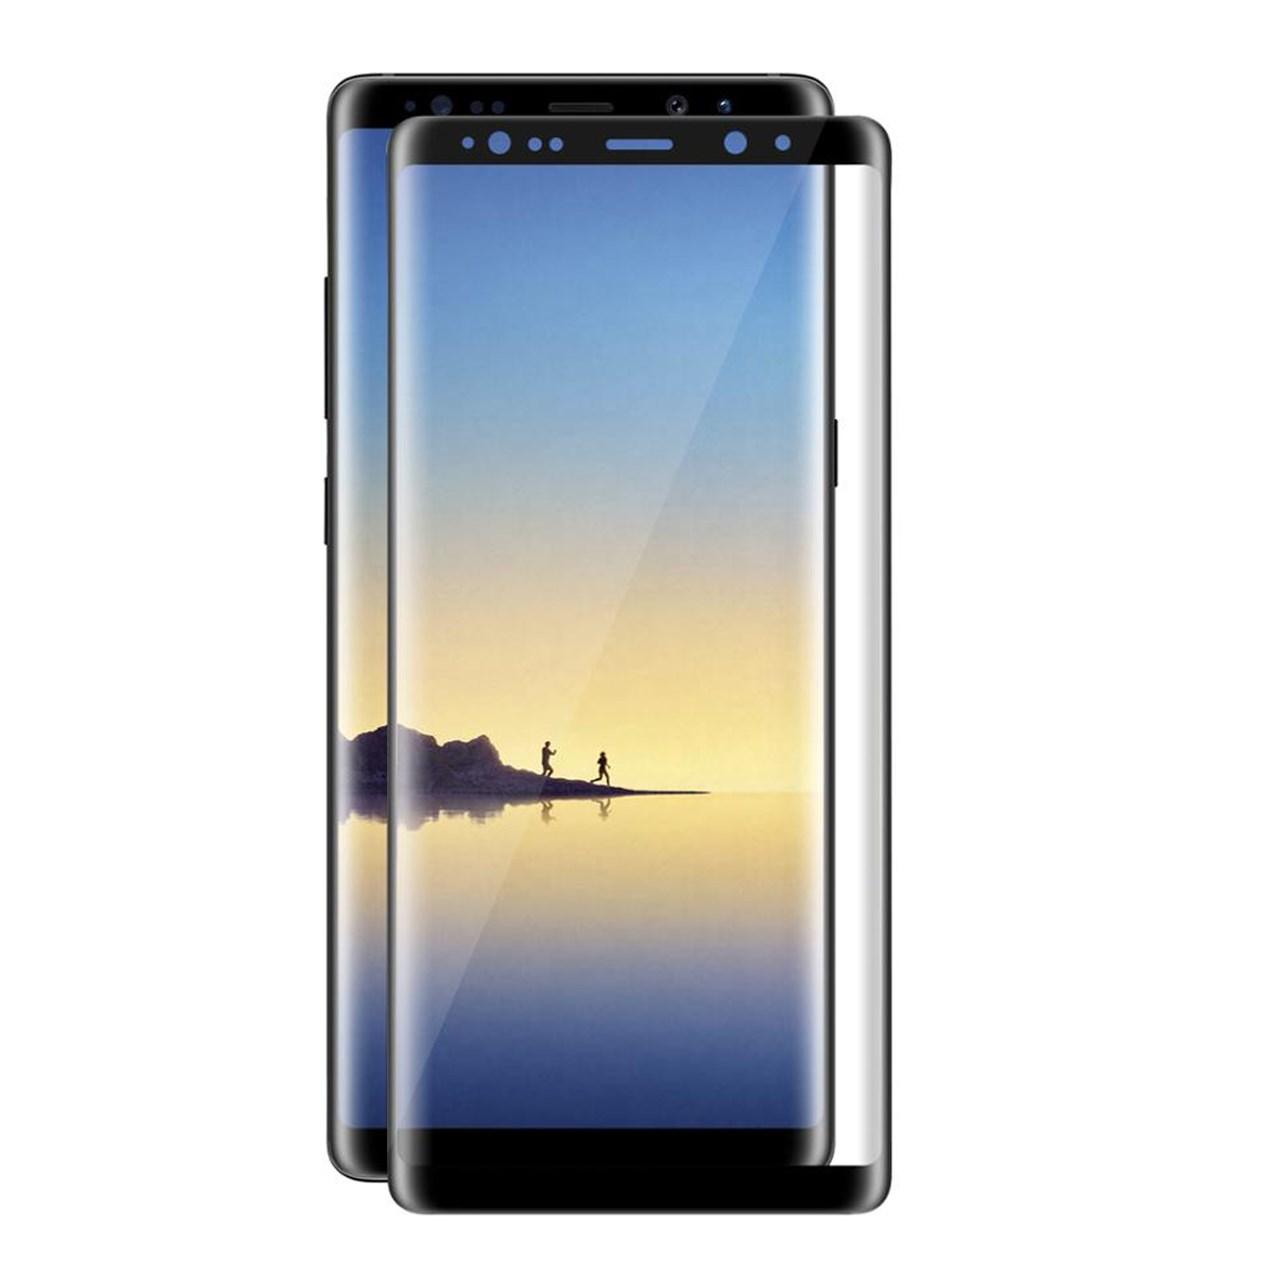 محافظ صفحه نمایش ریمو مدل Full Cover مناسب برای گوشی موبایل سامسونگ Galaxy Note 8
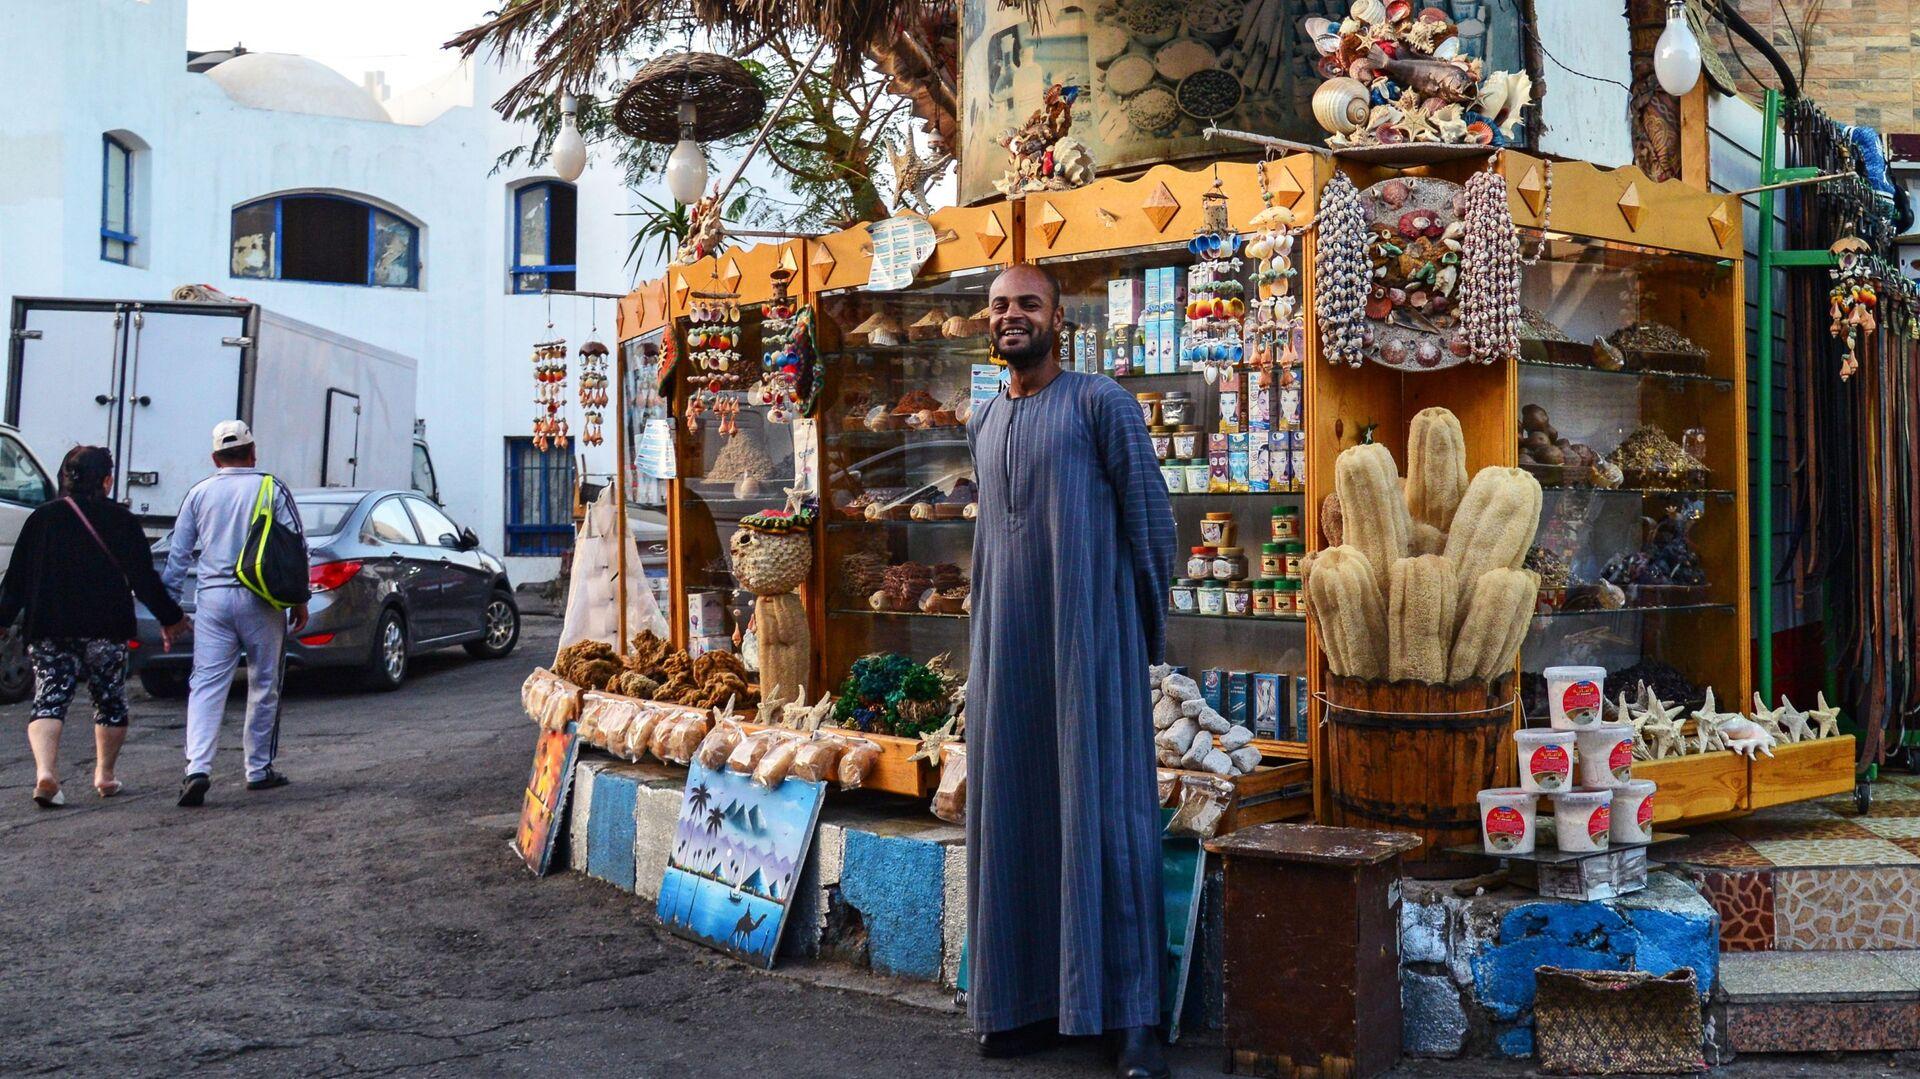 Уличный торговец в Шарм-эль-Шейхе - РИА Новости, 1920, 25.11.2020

* * *

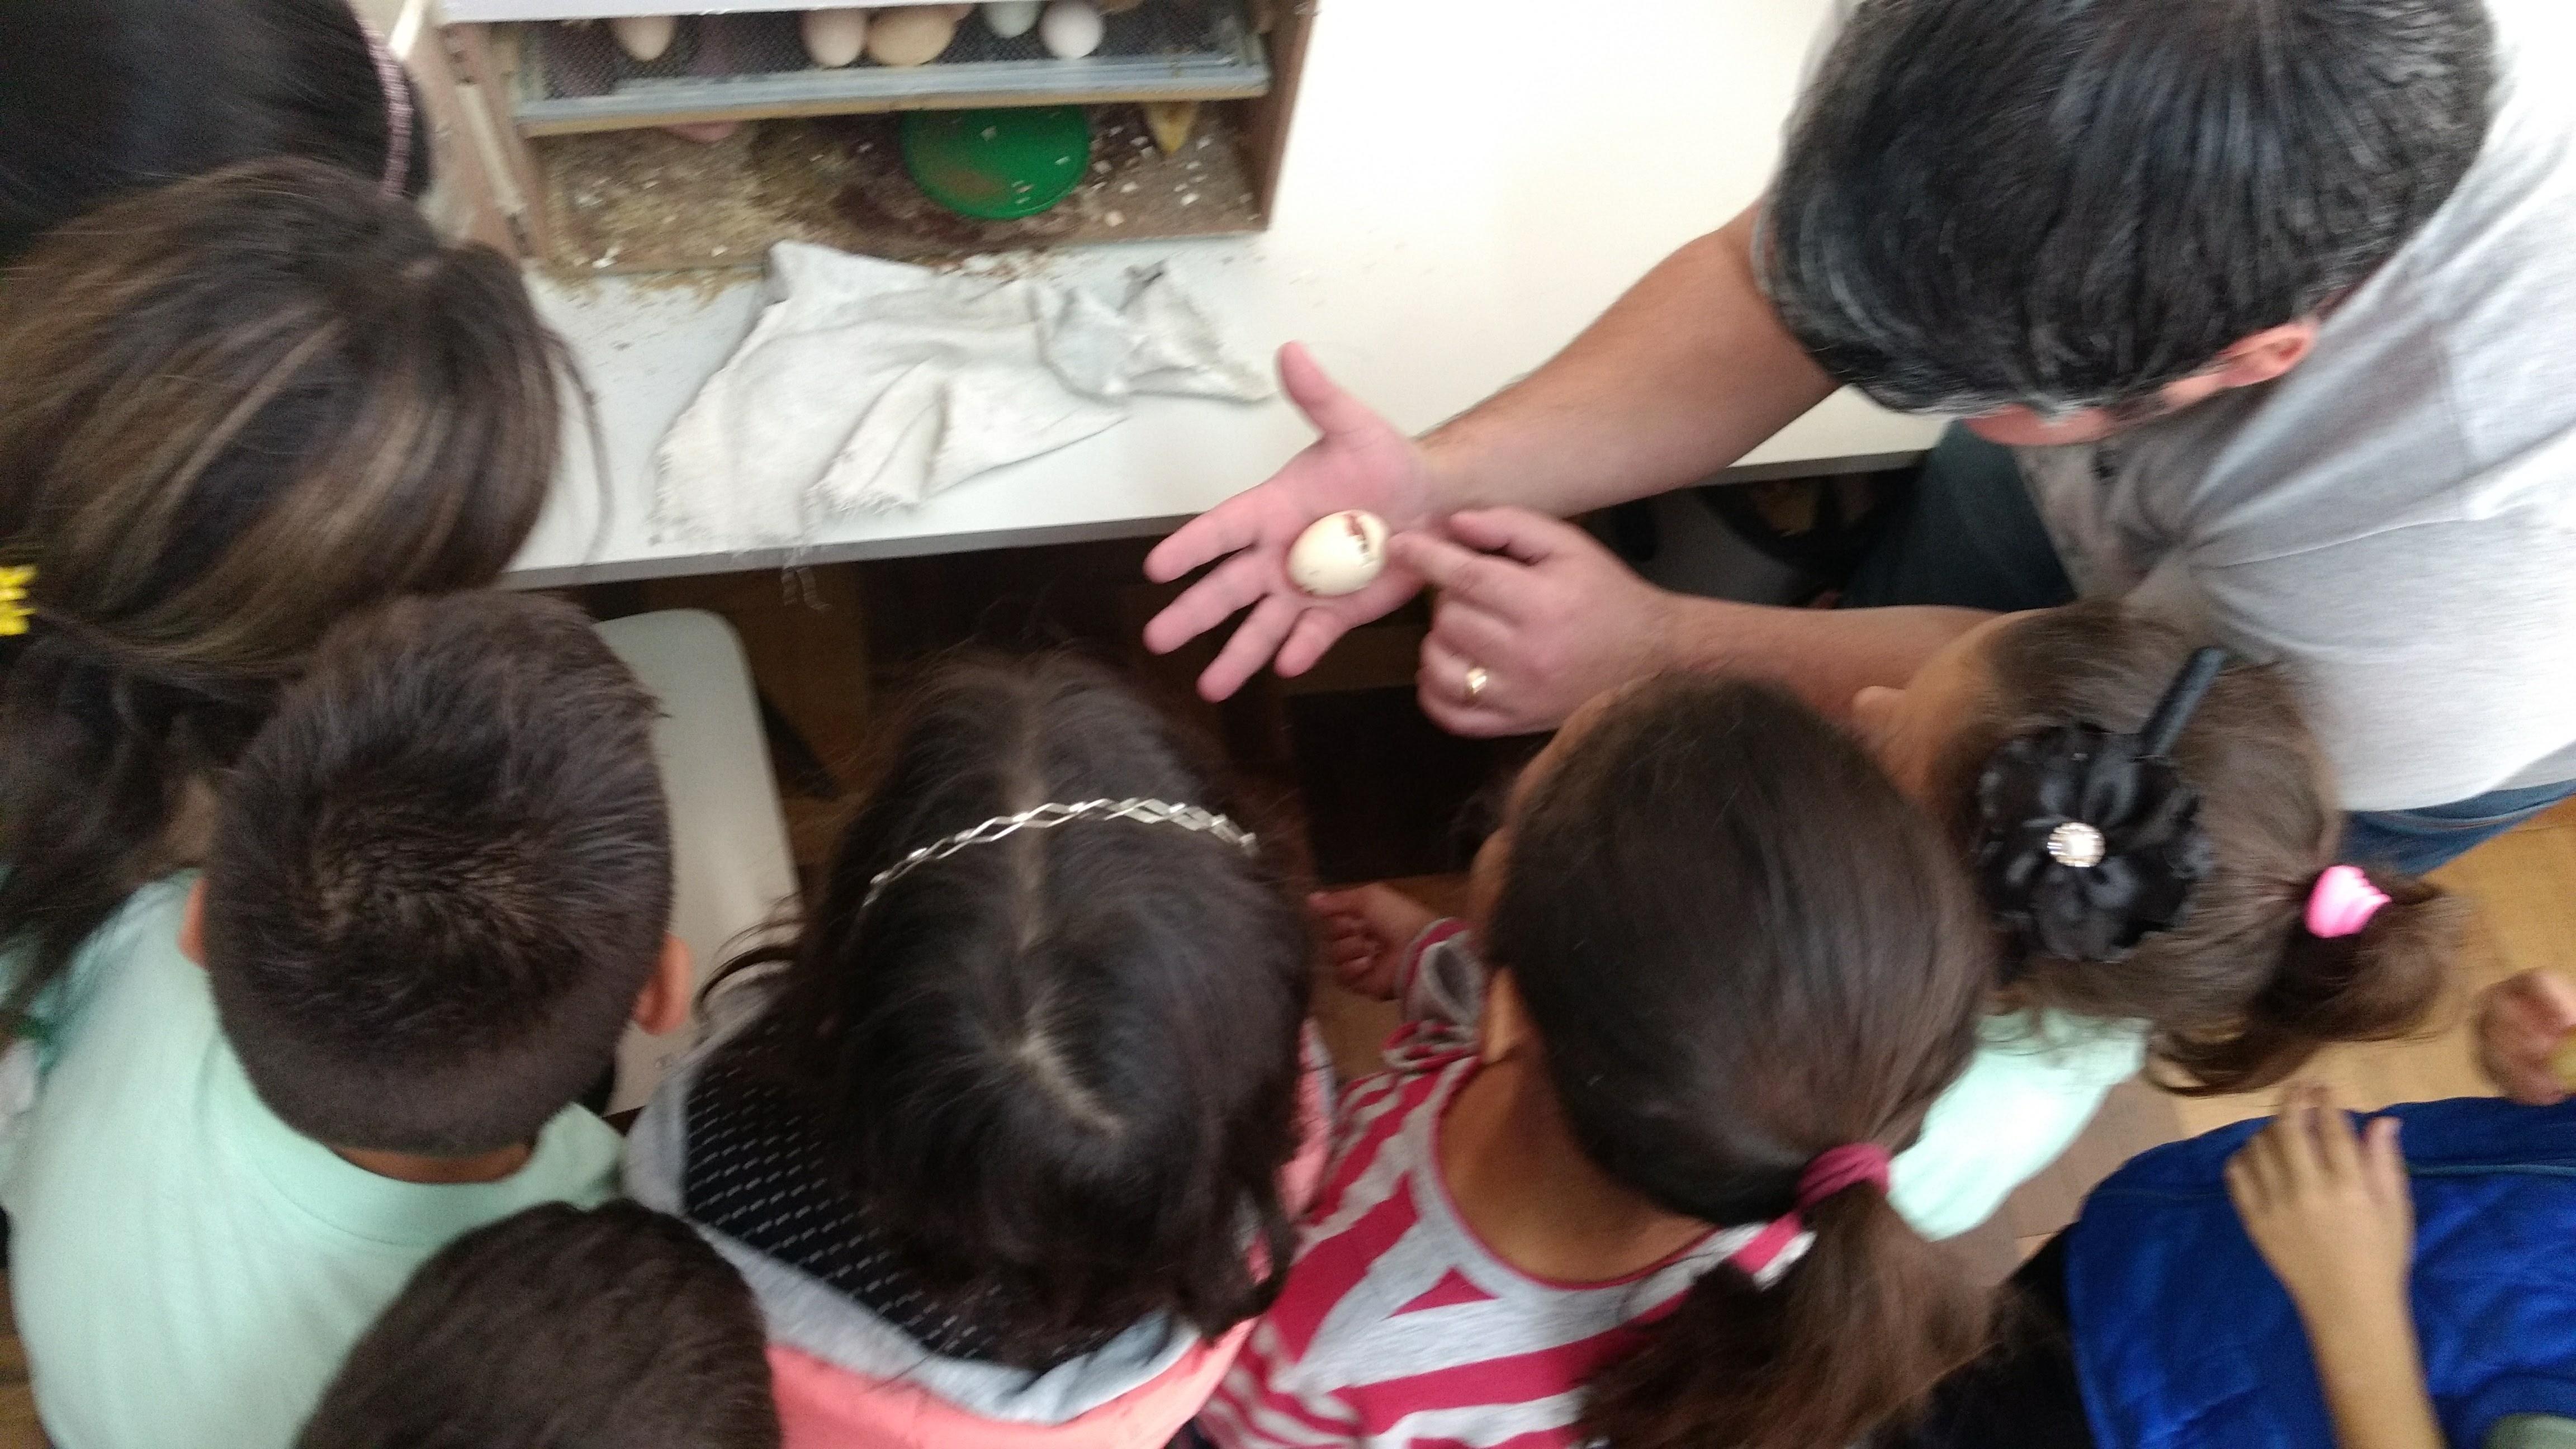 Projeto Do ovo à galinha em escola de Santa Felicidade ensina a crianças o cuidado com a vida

--

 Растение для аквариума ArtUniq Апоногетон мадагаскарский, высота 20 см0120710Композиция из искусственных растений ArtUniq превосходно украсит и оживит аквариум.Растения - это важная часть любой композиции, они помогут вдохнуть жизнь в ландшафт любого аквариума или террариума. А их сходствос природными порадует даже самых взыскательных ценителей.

:: TASK TO COMPLETE ::
Look above for the line with "محافظ صفحه نمایش" and the line with "Уличный торговец в"; set down those two lines and all lines between them exactly, without pictures and without anything else.

:: OUTPUT FOR THIS EXERCISE ::
 محافظ صفحه نمایش ریمو مدل Full Cover مناسب برای گوشی موبایل سامسونگ Galaxy Note 8
 Уличный торговец в Шарм-эль-Шейхе - РИА Новости, 1920, 25.11.2020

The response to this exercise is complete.